- **Work required**:
Retype the listing exactly, with no images.

- **Data section**:
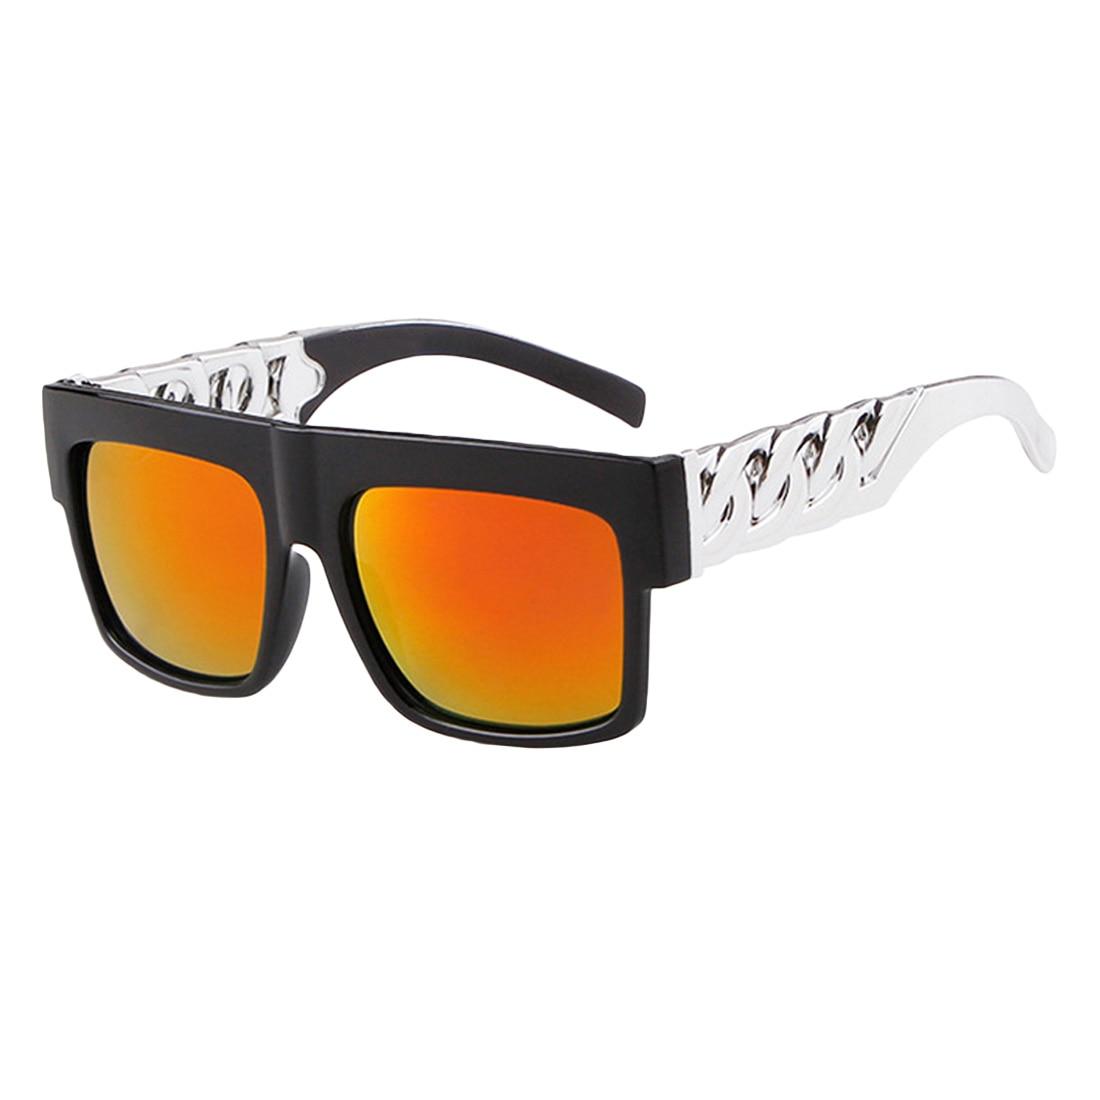 Vintage Gold Metal Chain Sunglasses Fashion Hip Hop Sun Glasses Oculos De Sol women sunglasses lunette soleil femme in Women 39 s Sunglasses from Apparel Accessories
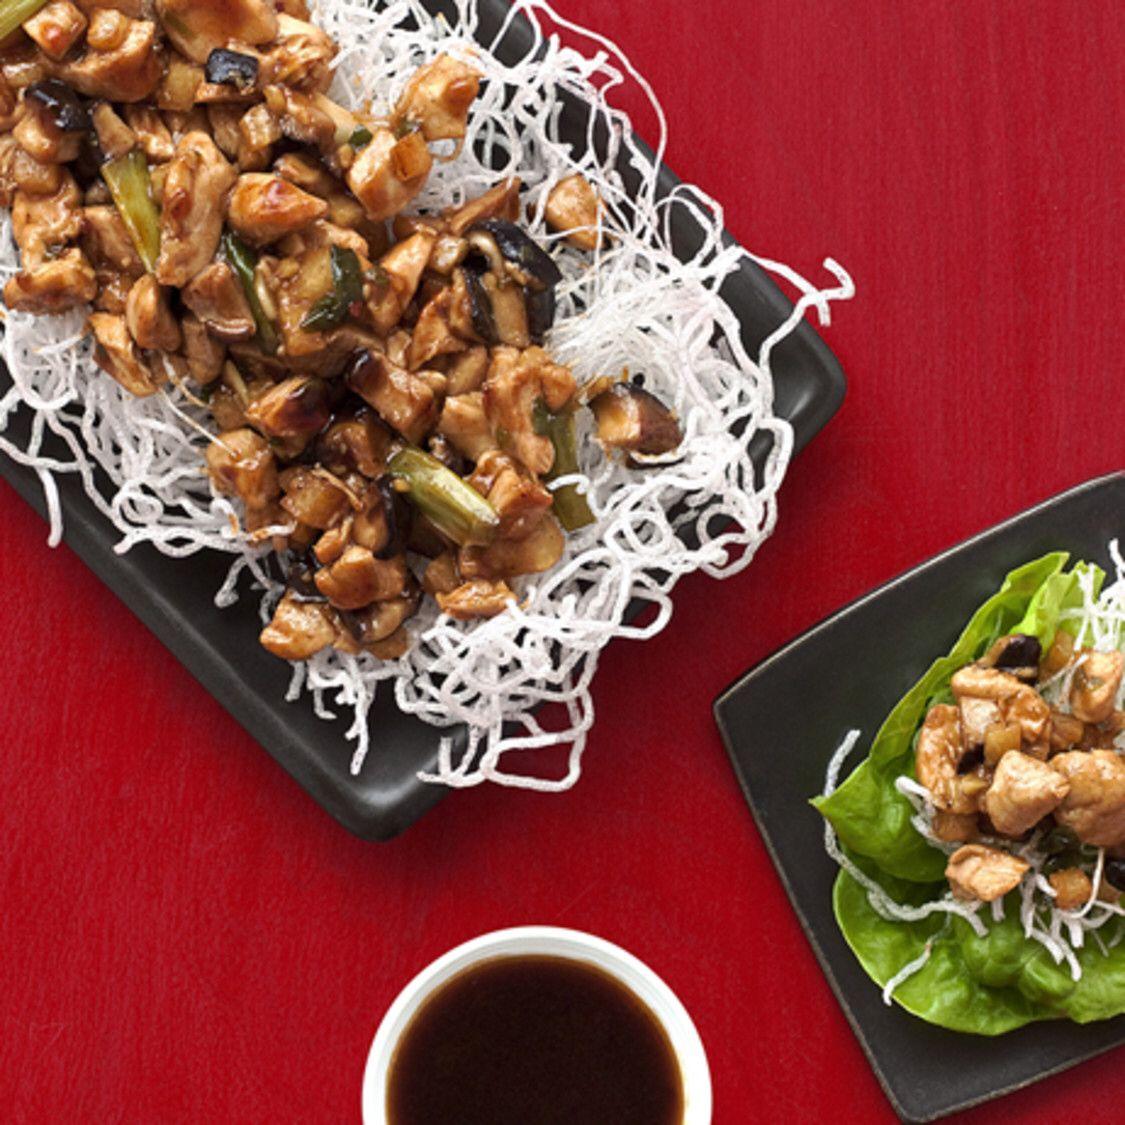 Almost Famous Chicken Lettuce Wraps Recipe In 2020 Chicken Lettuce Wraps Lettuce Wraps Lettuce Wrap Recipes
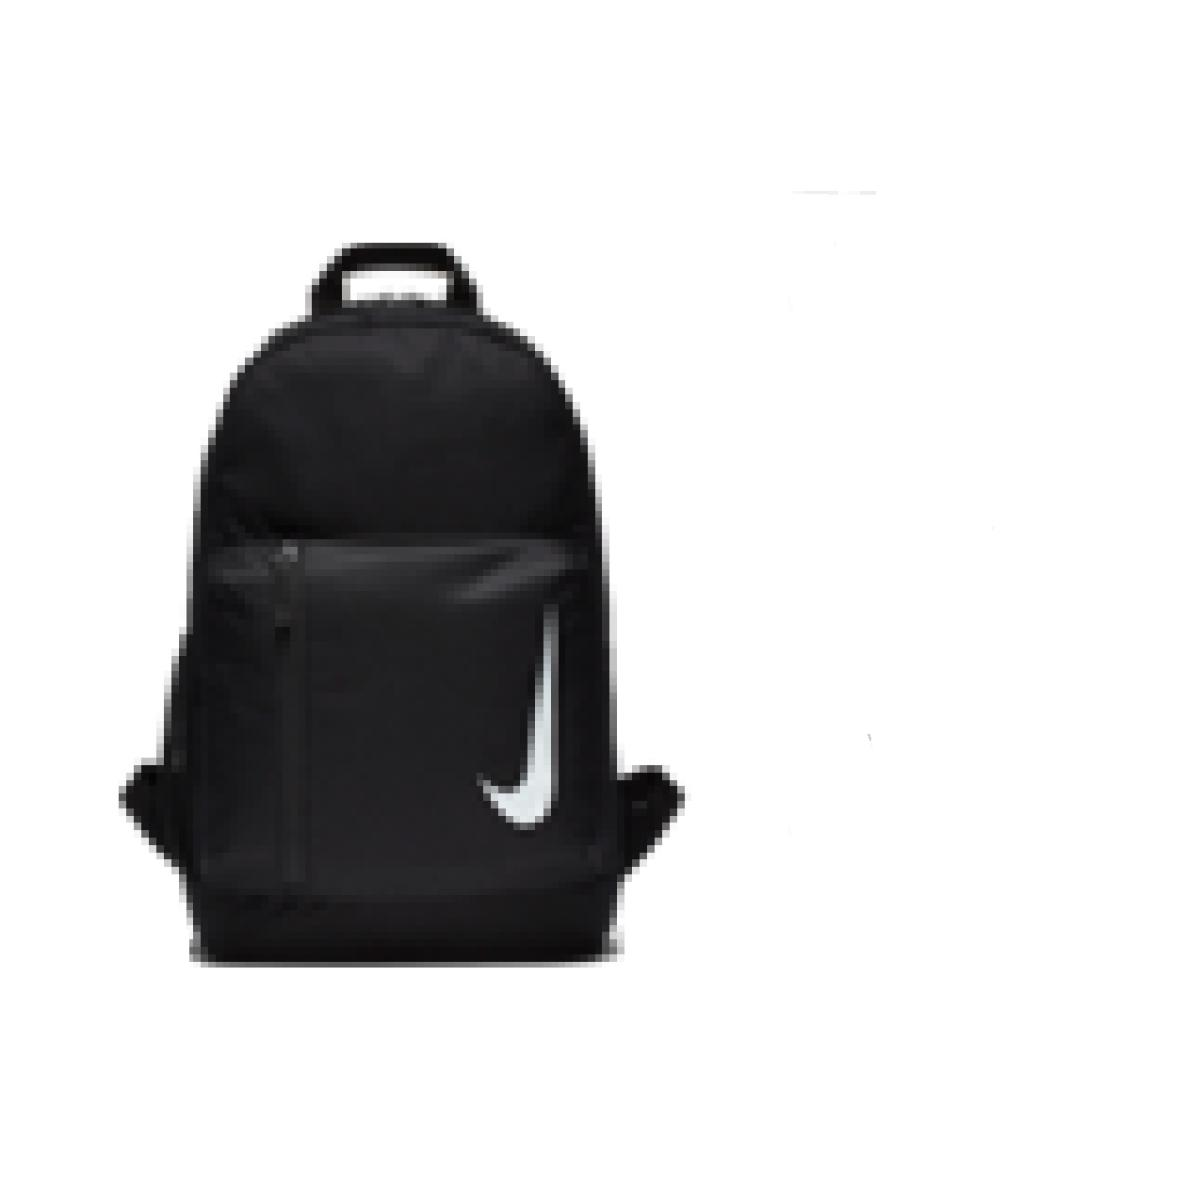 Mochila Unisex Nike Ba5773-010 Academy Team Preto/branco

- **Task result**:
 Vintage Gold Metal Chain Sunglasses Fashion Hip Hop Sun Glasses Oculos De Sol women sunglasses lunette soleil femme in Women 39 s Sunglasses from Apparel Accessories
 Almost Famous Chicken Lettuce Wraps Recipe In 2020 Chicken Lettuce Wraps Lettuce Wraps Lettuce Wrap Recipes
 Mochila Unisex Nike Ba5773-010 Academy Team Preto/branco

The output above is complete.